By JULIE BOSMAN
DES MOINES, Dec. 4 — As Senators Hillary Rodham Clinton and Barack Obama exchanged frequent and increasingly personal jabs on the campaign trail this week, John Edwards found himself on the sidelines. And enjoying it.
In Waterloo, Iowa, Mr. Edwards recounted the exchange by Mrs. Clinton and Mr. Obama on whether Mr. Obama had been pining to be president since kindergarten, as her campaign said when it referred to an essay that Mr. Obama supposedly wrote in kindergarten. Its title was “I Want to Become President.”
“I have to confess,” Mr. Edwards said, “when I was in third grade, I wanted to be two things. I wanted to be a cowboy, and I wanted to be Superman.”
The audience roared.
In his second bid for the Democratic nomination for president, Mr. Edwards, a former senator from North Carolina, has used his carefully honed populist passion, attacking lobbyists, oil companies, drug companies and what he calls the corporate-minded Washington establishment.
More notably, he has been showing flashes of anger and intensity as a campaigner, sharply criticizing Mrs. Clinton in debates and on the trail.
But not this week. On a six-day swing through Iowa a month before the caucuses on Jan. 3, Mr. Edwards lightened up and reprised the role of the upbeat optimist he had in 2004, when he ran a close second in the caucuses.
“Listen, I don’t think America benefits from any personal fighting between candidates,” he told reporters. “They don’t care about fighting between politicians.”
That attitude was evident in the National Public Radio debate on Tuesday, when Mr. Edwards cited differences between himself and Mrs. Clinton.
His measured touch was a clear break from his performance in a televised debate, when he turned virtually every question into an attack on Mrs. Clinton and when he sarcastically replied to a jab from Representative Dennis J. Kucinich of Ohio by muttering, “Cute, Dennis.”
In the last week, he has rarely referred to Mrs. Clinton and Mr. Obama, except to poke fun at their sparring. On Sunday, he ducked the opportunity to join Mrs. Clinton in criticizing Mr. Obama’s campaign, which used a political action committee to spend money in early primary states.

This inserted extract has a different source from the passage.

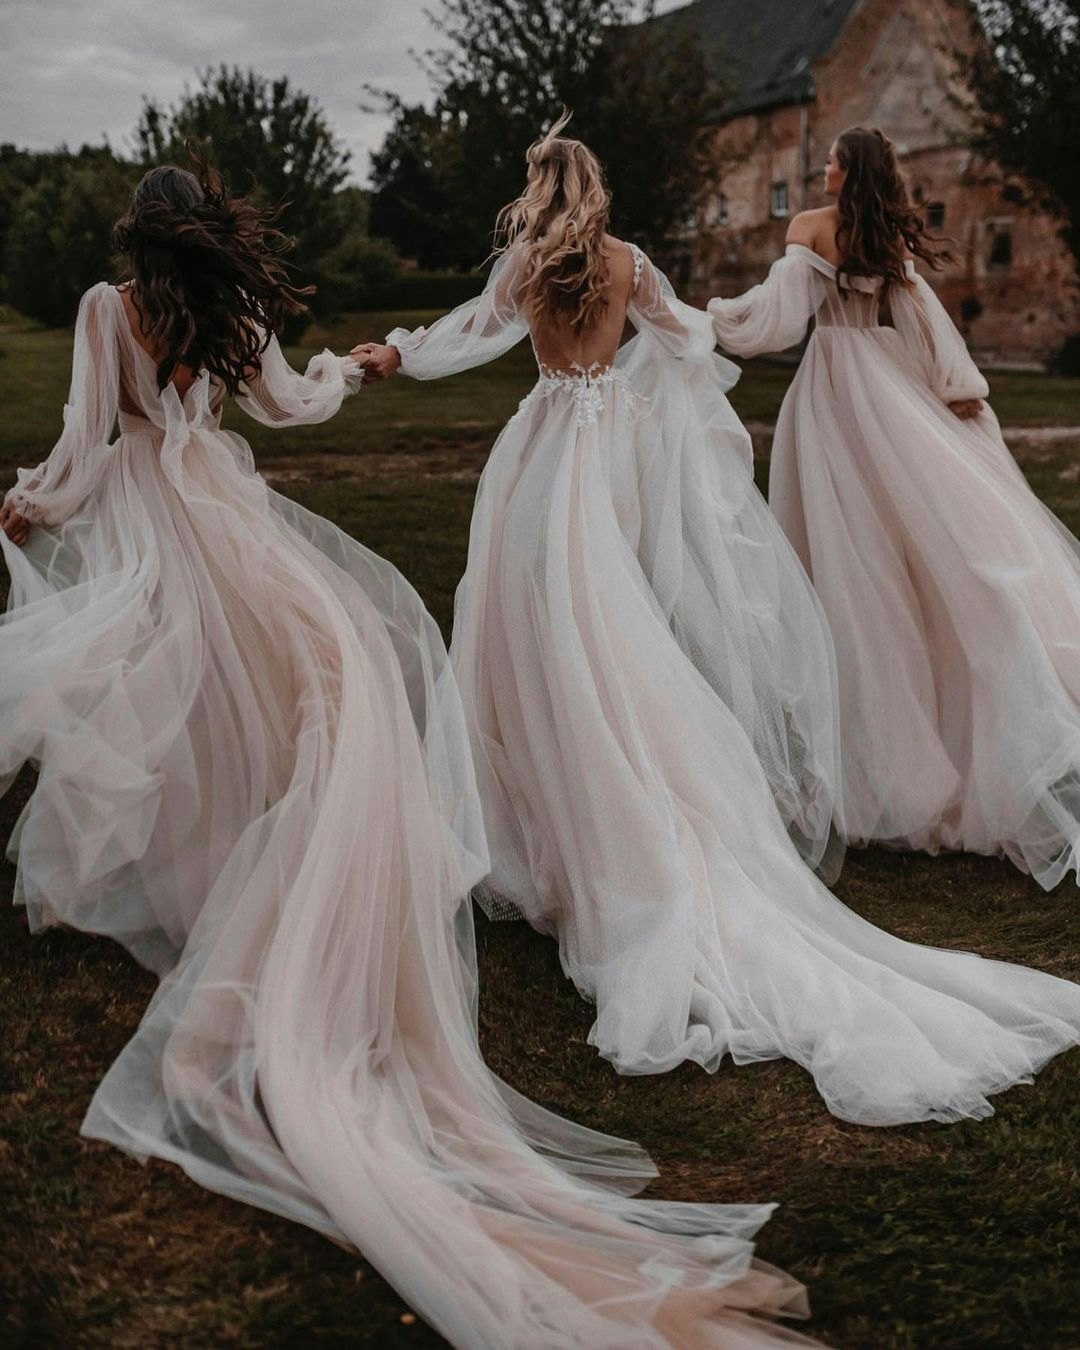 3 brides wearing dresses with long flowing trains

“I’m going to respectfully decline to get involved in that fracas between the two of them,” Mr. Edwards said.
He has even doled out sugar-laden compliments to the Democratic field. “We have great people running for president on our side,” he told a crowd on Monday.
In a television commercial that began running this week in New Hampshire, Mr. Edwards criticizes lobbyists in Washington, but not the other candidates by name.
Privately, Mr. Edwards’s aides said he had no reason to involve himself in fights with Mrs. Clinton and Mr. Obama.
Mr. Edwards has been stuck in third place for months, most Iowa polls report, showing no gains with his aggressive stance — and receiving criticism from voters, former supporters and others who disapprove of the angrier candidate.
Iowans are particularly disdainful of candidates who resort to negative campaigns, as former Gov. Howard Dean of Vermont and Representative Richard A. Gephardt of Missouri learned in 2004.
Iowa is crucial to Mr. Edwards’s efforts. His campaign is low on cash and relying on public financing, and he is even farther back in the polls in other early primary states like New Hampshire and South Carolina.
Mr. Edwards’s aides would not acknowledge that their candidate was softening in response to polling or other specific criticism. But Mr. Edwards, in an interview between stops in Algona, Iowa, acknowledged that his failure to move up in the polls was on his mind.
“I feel like we’re in a dead heat,” he said. “And we’ve been in a dead heat for months now.”
He said he believed that Iowa voters, many of whom are still undecided, did not like personal attacks.
“They’re looking for a president who’s positive,” Mr. Edwards said.
His cease-fire has not extended to the White House. At numerous stops, he continued to attack President Bush and Vice President Dick Cheney, criticizing the response to Hurricane Katrina, its Iraq war position and its domestic surveillance, positions that cannot hurt him among Democrats here.
“The Democrats can’t stand George Bush,” Mr. Edwards said. “Most of America can’t.”
Some Iowans said they were tired of the mudslinging among candidates and appreciated a more positive take.
“I think he’s wise not to get into a little catfight with the other candidates,” said Maureen White, an Edwards supporter who went to a forum on Monday in Waterloo.
Her husband, Roger White, agreed, though he said he was torn between supporting Mr. Edwards or Senator Joseph R. Biden Jr. of Delaware.
“We all get sick of it,” Mr. White said. “I think if the other two continue to bloody each other, the next tier of candidates will gain from that, whether it’s Biden, Richardson or Edwards.”